Sometimes I wonder whether that old woman wasn’t having a cruel game with both of us, my sister and me. I got a blessing in return for a kind word, Cassie a curse as payment for a harsh one. That’s how it seemed then, but did the old lady know that I would come to fear attention almost as much as Cass feared slithering things? I believe I would rather taste the muscled length and cool scales of a snake in my mouth, sliding headfirst from my lips, than look once more into the greedy gaze of my banker when I bring him another shoebox crammed with jeweled phrases, silver sentences, and the rare pearl of laughter.
Jude used to make a game of surprising different sounds from me, to see what wealth would leap from my mouth. He was playful then, and kind, the husband who rescued me from my stepmother’s greed and wrath. My father’s eyes were sad when we drove away, but he only waved.

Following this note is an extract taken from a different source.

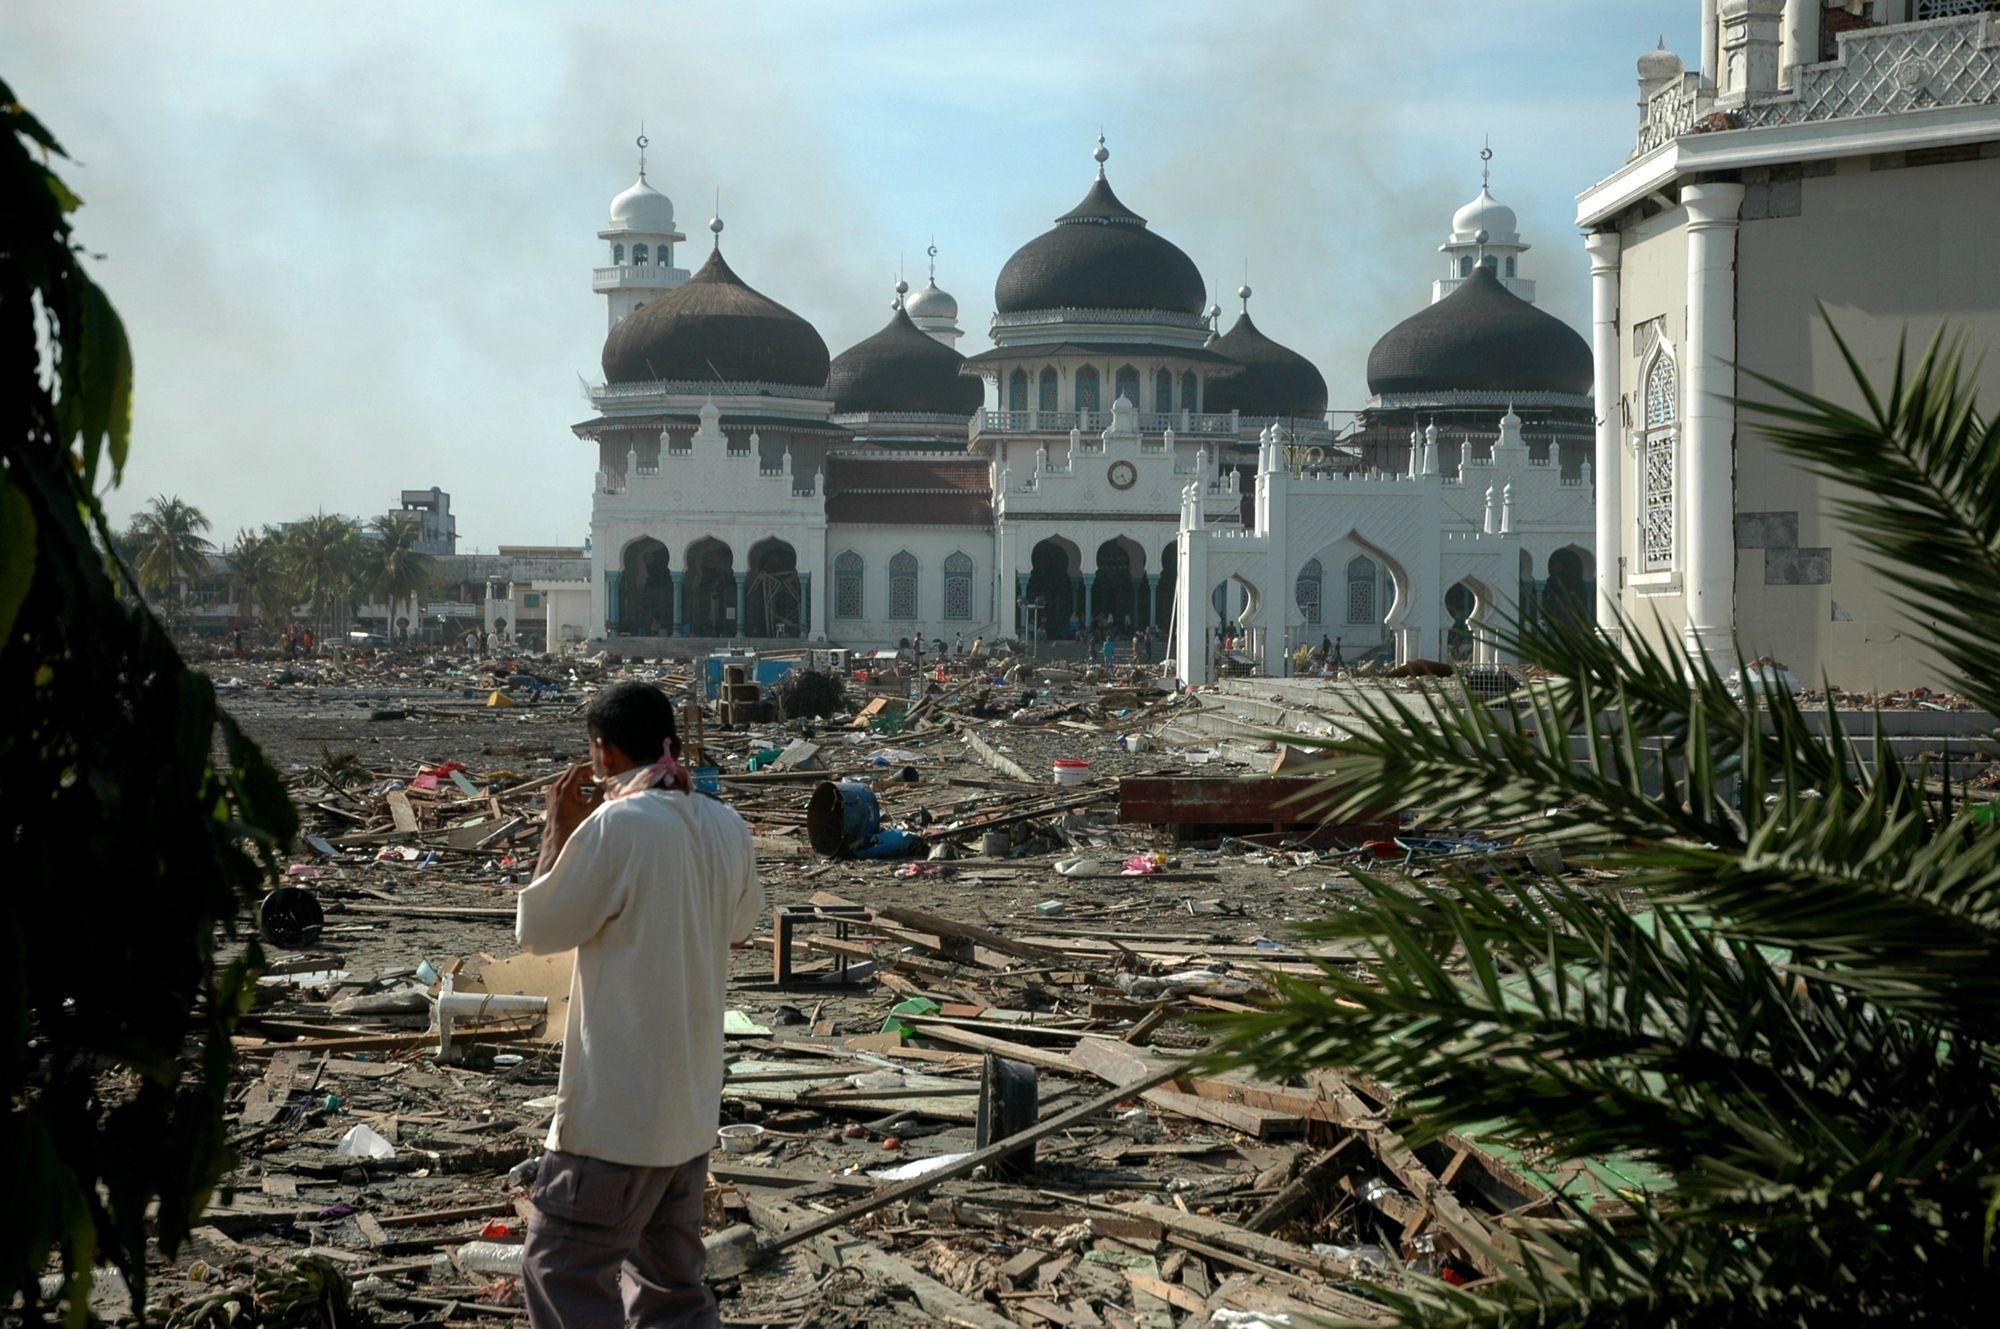 Baiturrahman Moschee in Banda Aceh nach dem Tsunami in 2004

Jude could make me smile, but he preferred it when I laughed out loud, raining him with wealth. A game of tickle would summon strings of pearls that gleamed as they fell at our feet. Once, a pinch on my bottom rewarded him with a turquoise nugget. He had it strung on a leather thong, which he wore around his neck.
But it was the cries and groans of our lovemaking that he liked best. He would stroke and tongue me for hours, lick and kiss me where I enjoyed it most, thrust into me deeper with each wail of pleasure until, covered in the fragrance of crushed lily petals, we had no strength for more. Afterward he would collect sapphires and jade, silver love knots and gold doubloons, from the folds of the sheets. “I don’t even need to bring you flowers,” he would joke. “You speak better blossoms for yourself than I can ever buy.”